The findings, published today in Nature, point to new targets for drug development, and also suggest that some patients will respond to drugs currently being tested for other types of cancers.

The study is also the first published analysis of multiple whole genomes of the same cancer, reflecting continuing advances in sequencing technologies and the ability to analyze whole-genome data.

Thanks to a steady decline in the cost of genome sequencing, scientists have analyzed a growing number of tumors in recent years. Searching for differences between the DNA sequence of patients’ healthy and cancerous cells can highlight genetic mutations that may underlie the cancer cells’ ability to grow and survive. But most studies have analyzed a single cancer sample in great detail, and then sequenced relevant genes in other cancers to confirm the role of candidate mutations.

“Simply sequencing a tumor genome doesn’t get you the information you need,” says Todd Golub, director of the cancer program at the Broad Institute and senior author of the study. “We need the ability to look across many cancer genomes and to discover mutations that are recurring at low frequencies, so that we can see patterns emerging from the data that are biologically meaningful.”

Scientists already suspected that a protein called NF-Kappa Beta, which regulates cell division and cell death, plays a role in myeloma. In the new study, researchers found mutations in 11 genes that are part of the NF-Kappa Beta pathway that were altered in at least one multiple myeloma sample. “Now we have a detailed blueprint for how those pathways were aberrantly activated in disease,” says Golub.  “You can only see those kinds of pattern when you look at multiple genomes.”

Researchers also found that about 4 percent of patients have mutations in a gene known as BRAF. This finding could be used to help select effective drugs.

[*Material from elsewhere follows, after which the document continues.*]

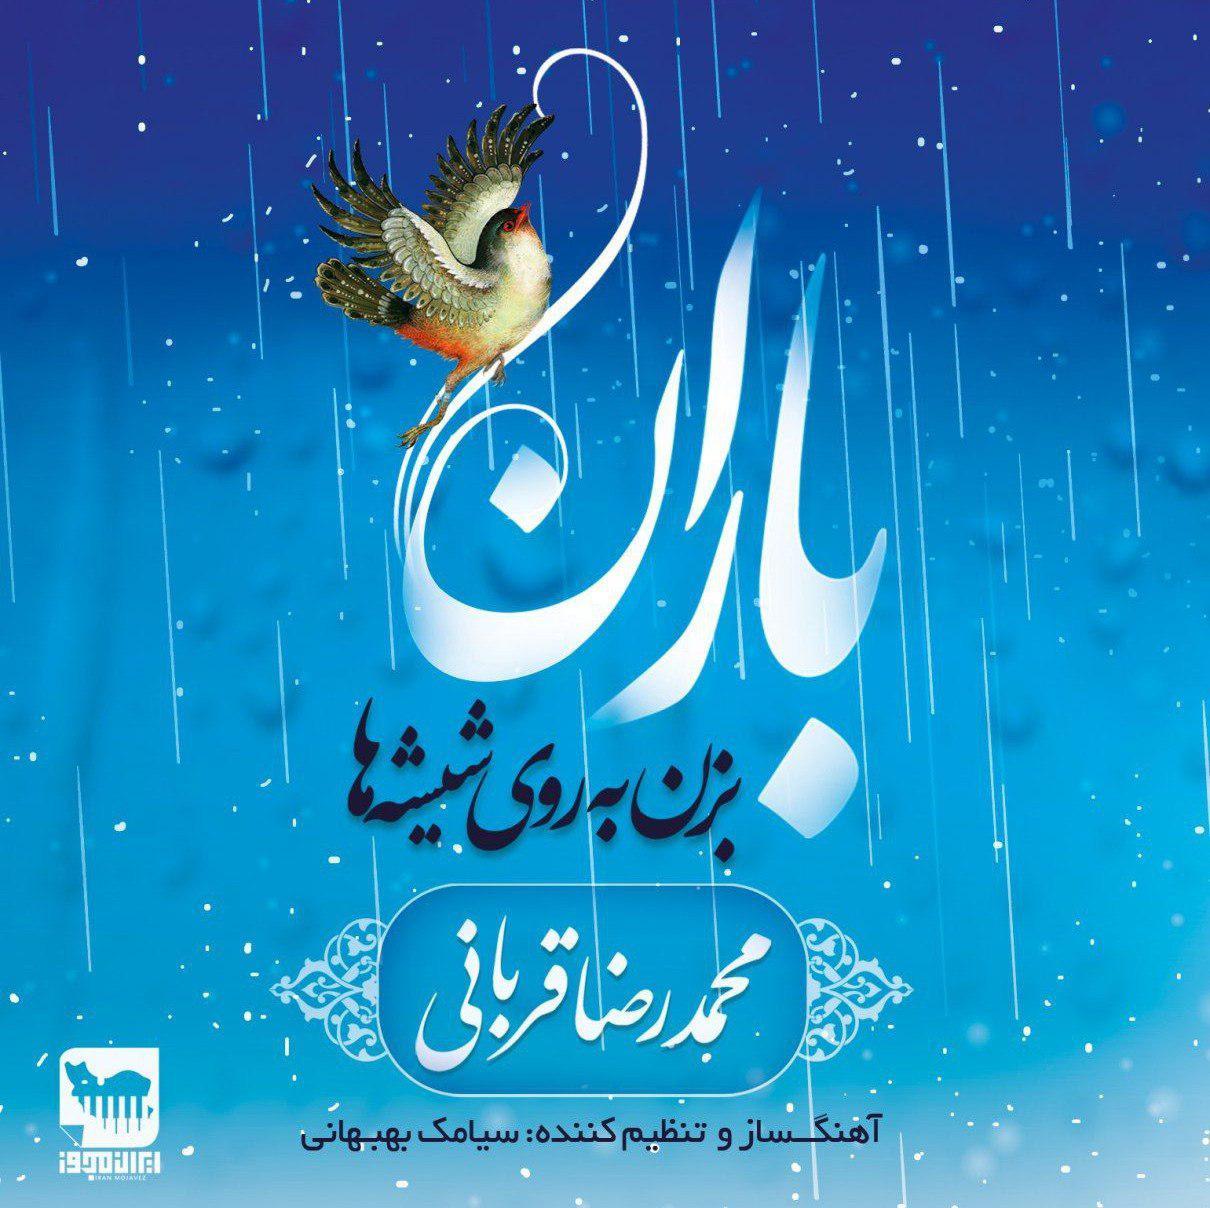 محمدرضا قربانی به نام تب دیدار

BRAF mutations have previously been shown to play a major role in melanoma and other cancers, and several BRAF inhibitors are now being tested in melanoma patients, some with excellent results. “It was completely unexpected that myeloma patients might benefit from similar targeted therapies,” says Kenneth Anderson, chief of the division of hematologic neoplasias at the Dana Farber Cancer Institute. “Perhaps we can take a drug off the shelf and help patients in the short term.” No trials of these drugs in this subset of myeloma patients have yet been launched, but Golub says discussions are underway.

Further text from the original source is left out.